Uitgebreid onderzoek naar betere verbindingen door overlast dichte spoorbomen in Ermelo

Vorig jaar zijn er meer spitstreinen gaan rijden op het traject Zwolle-Amersfoort. Dat betekende voor Ermelo onder andere: vaker dichte spoorbomen en dus vaker wachten. 

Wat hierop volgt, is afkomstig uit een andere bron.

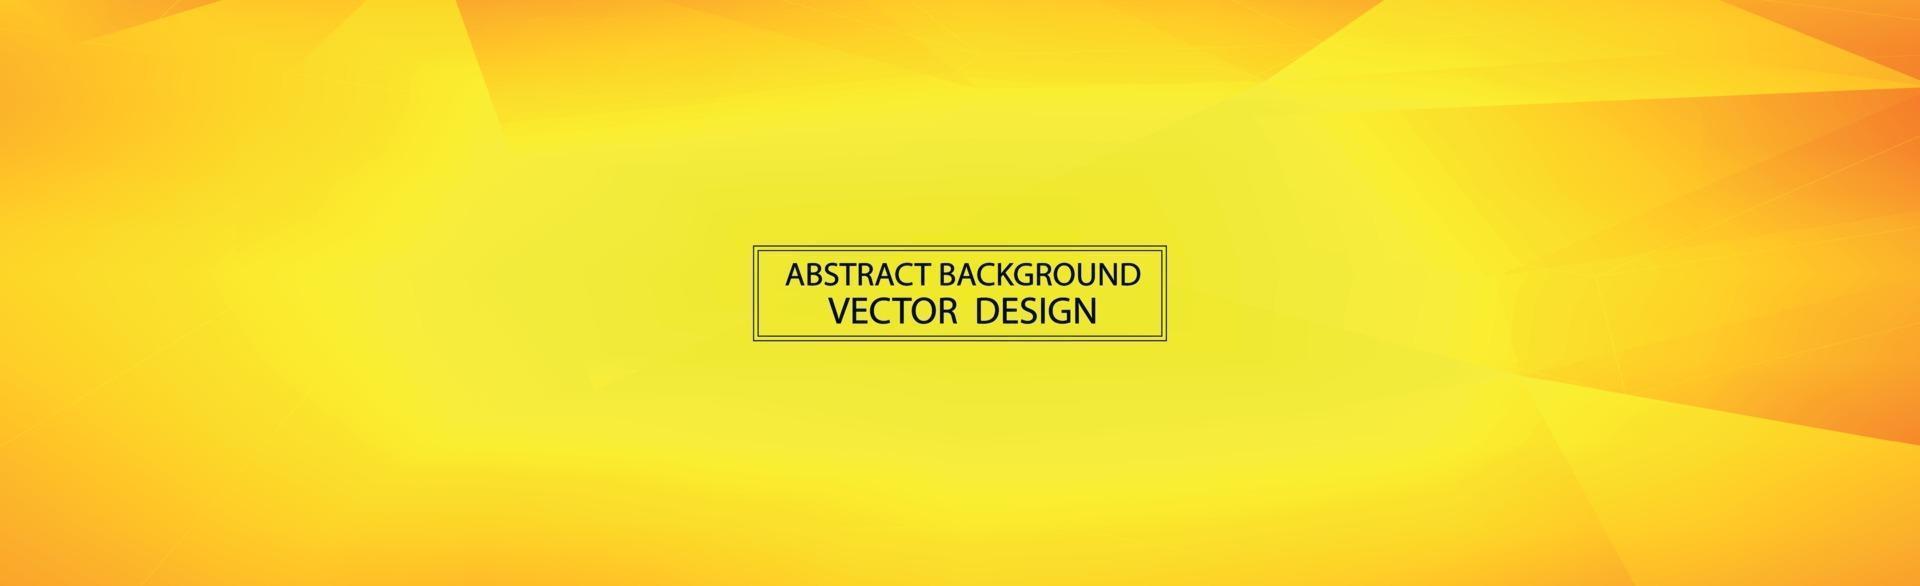 Yellow - Orange Panoramic Background with Triangles - Vector

Hierdoor rees bij inwoners en gemeentebestuur van Ermelo opnieuw de vraag hoe deze overlast verminderd kan worden

‘Opnieuw’ omdat in de jaren 2012-2016 deze vraag ook speelde en er toen al – naar aanleiding van een onderzoek – het nodige verbeterd is. In samenspraak met Prorail werd daarom nu gekozen om een Value Engineeringsonderzoek (VE) te doen.
 
Hoe verbeteren we de verbinding?
Sinds lange tijd doorkruist het spoor Ermelo. Waar voorheen de dorpskern vooral aan één kant van de spoorweg zat is nu ook de westelijke kant een belangrijk onderdeel van het dorp geworden. Om naar het centrum te gaan, kan men regelmatig dichte slagbomen aantreffen. Dichte slagbomen kunnen irritatie opwekken indien men te vaak en te lang moet staan wachten. De hoofdvraag van het VE luidde dan ook als volgt: Hoe kan de verbinding tussen de twee delen van Ermelo, die gescheiden worden door het spoor, worden verbeterd? 
 
12 oplossingsvarianten met verschillende prijskaartjes
In een aantal zogenaamde stoomkooksessies  waarbij medewerkers van Prorail, ingenieursbureau 4Infra, ambtenaren Ermelo, en twee raadsleden aanwezig waren, zijn oplossingen bedacht en zijn financiële inschattingen gemaakt. Voor  twaalf mogelijke varianten die bedacht werden, verschilt de investering van ongeveer € 1 miljoen tot wel € 850 miljoen, waarbij ook nog eens rekening moet worden gehouden met ruime marges. Met de VE is nu een eerste stap gezet naar de optimalisatie van een of meerdere overwegen, waarbij weg- en spoorverkeer elkaar kruisen.
 
Opdracht tot verder onderzoek
Afgelopen week heeft het college van burgemeester en wethouders de opdracht gegeven om een projectvoorstel te schrijven voor verder onderzoek., waarbij de overgang bij het station een voorrangspositie heeft. Ook moet het rapport inhoudelijke input geven voor de mobiliteitsvisie.